*** RAW DATA ***

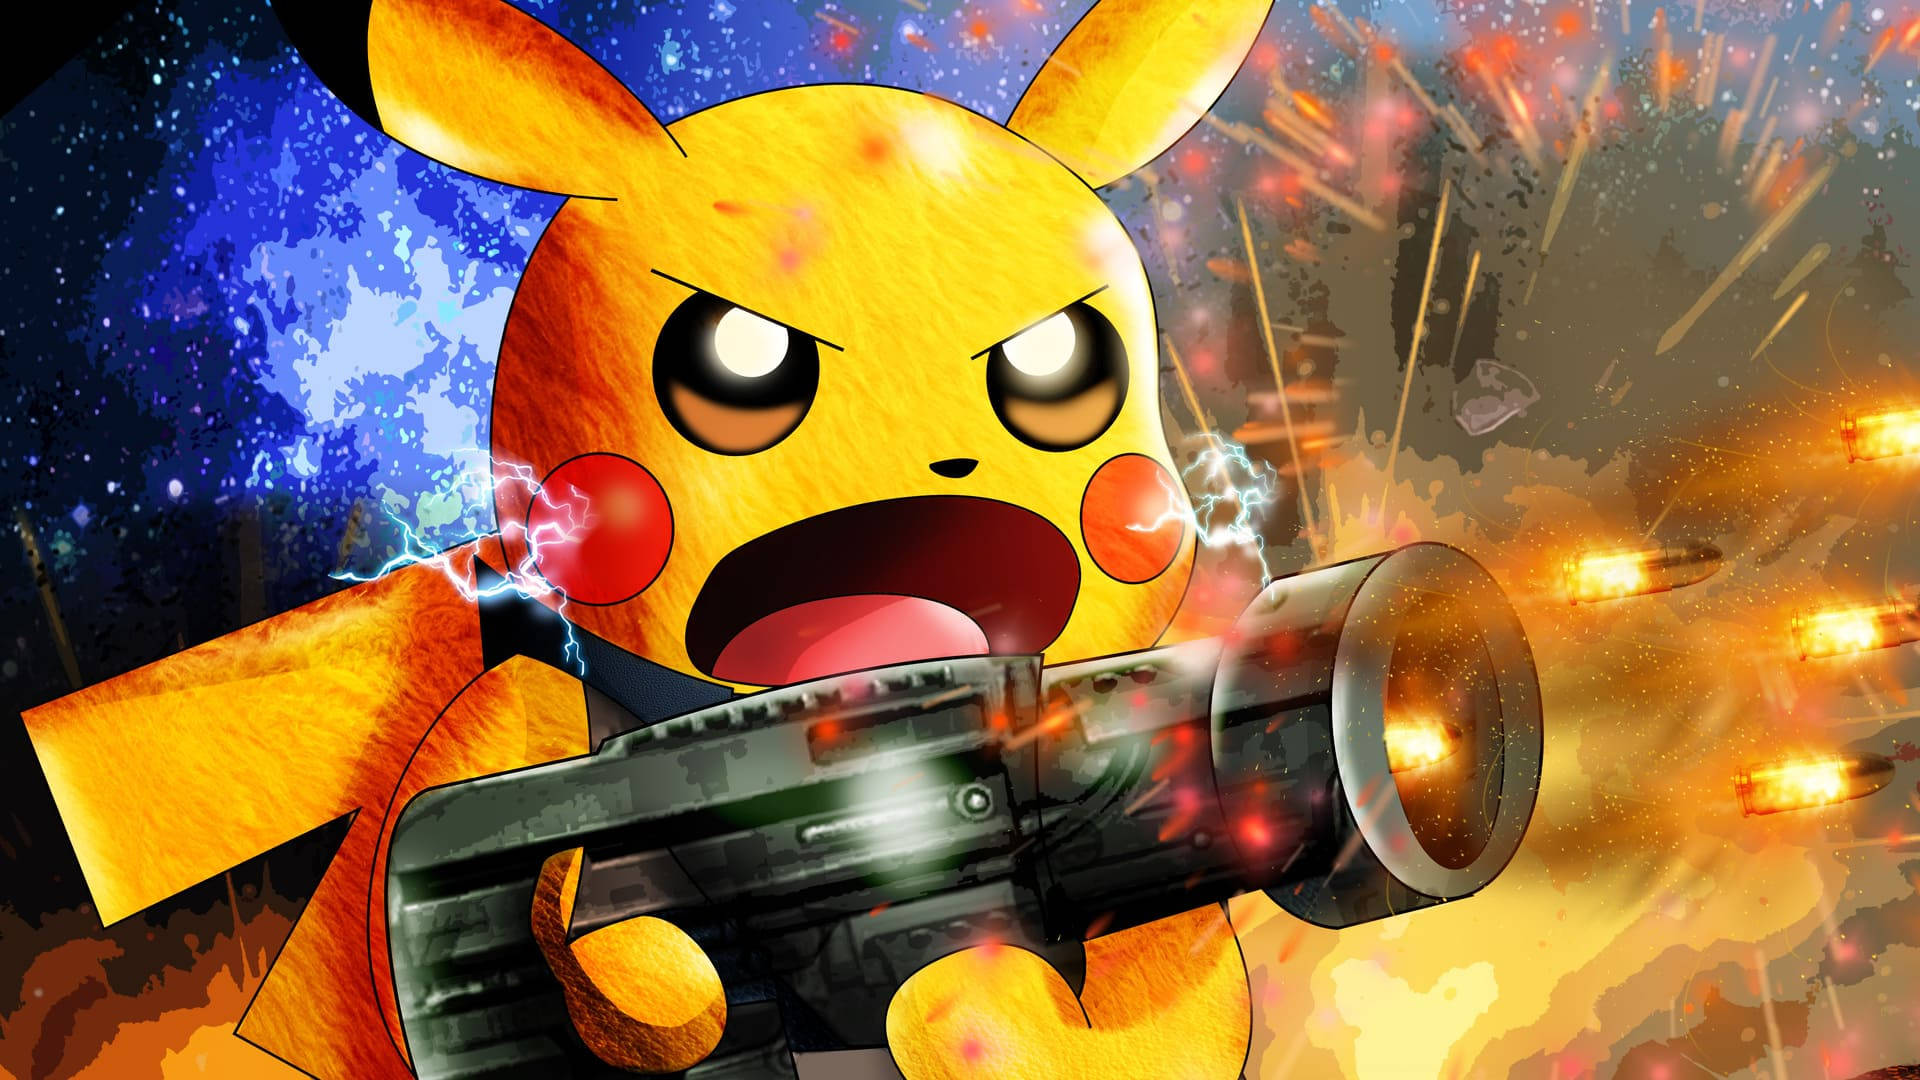 Angry Pikachu With Gun Cool Pokemon Background
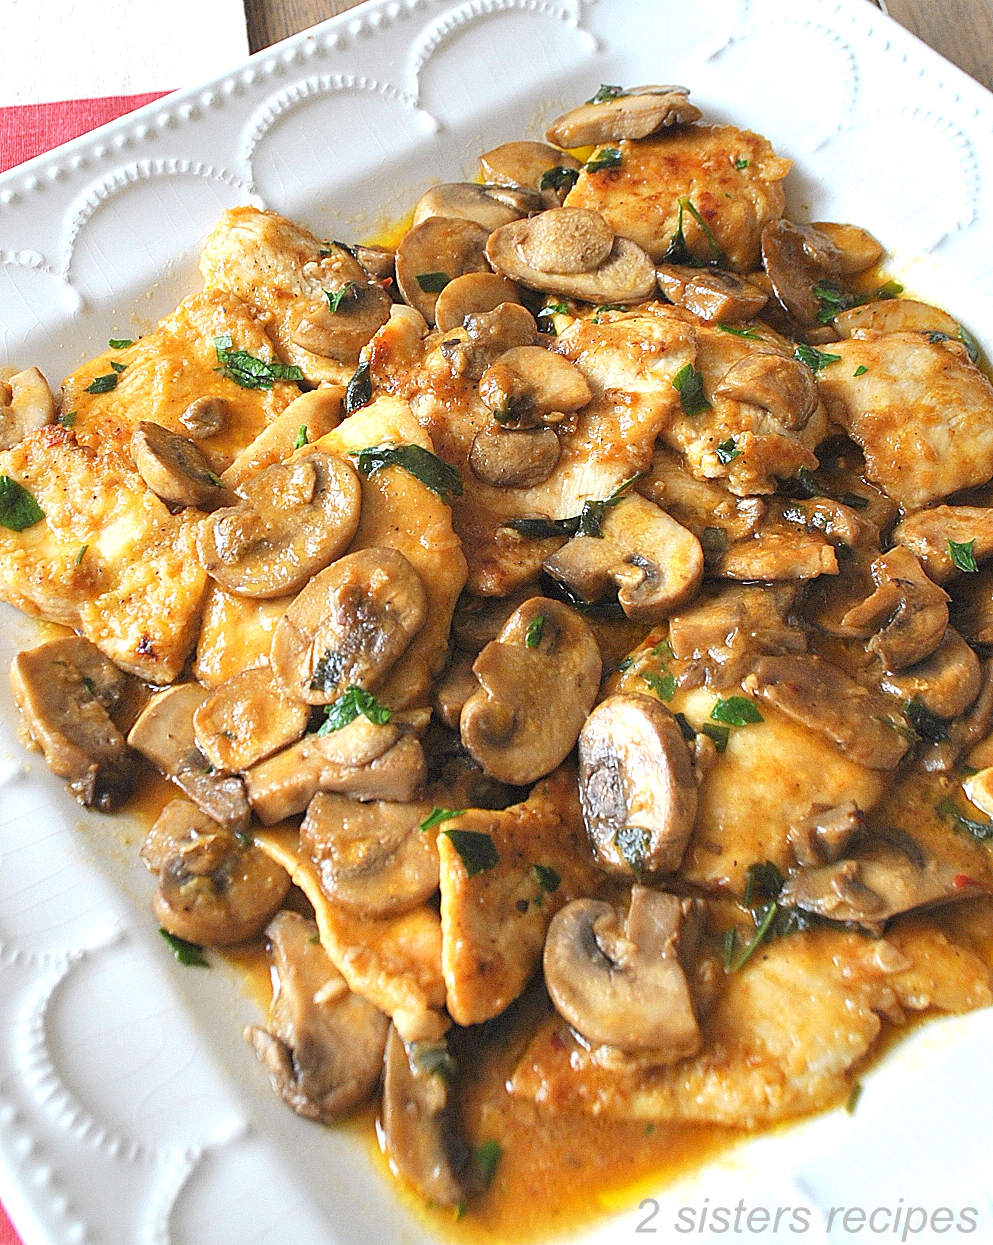 A white platter filled with pieces of cooked chicken and mushrooms in a brown gravy.
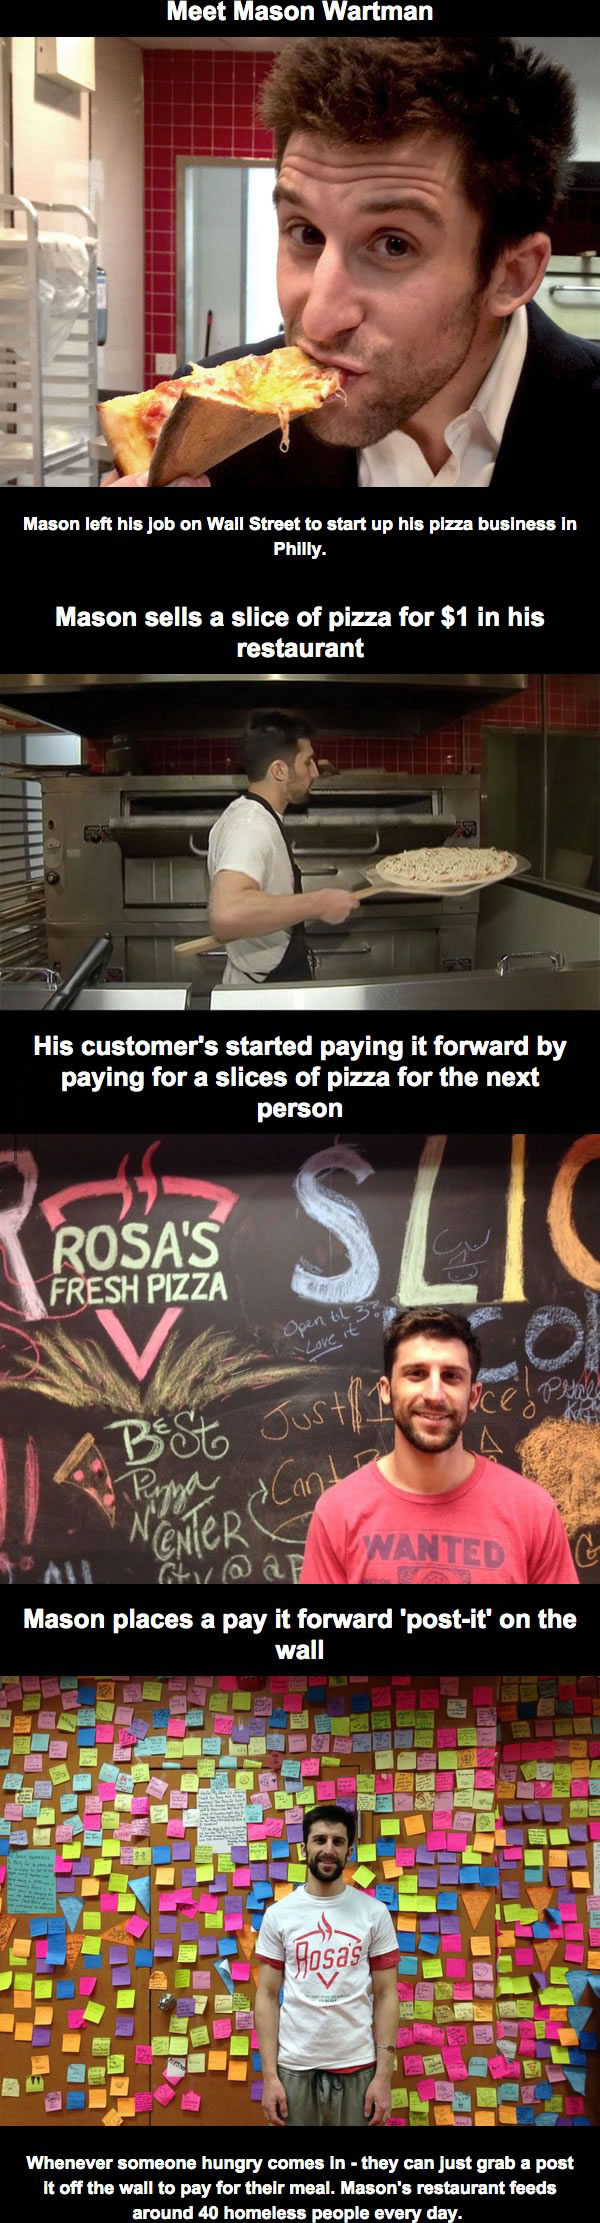 meet mason wartman, he left his job on wall street to start up his own pay it forward pizza business in philly

*** End of RAW DATA ***

Final stretch of the data: repeat exactly each line from the one containing "A white platter" through the last, and omit all pictures.

 A white platter filled with pieces of cooked chicken and mushrooms in a brown gravy.
 meet mason wartman, he left his job on wall street to start up his own pay it forward pizza business in philly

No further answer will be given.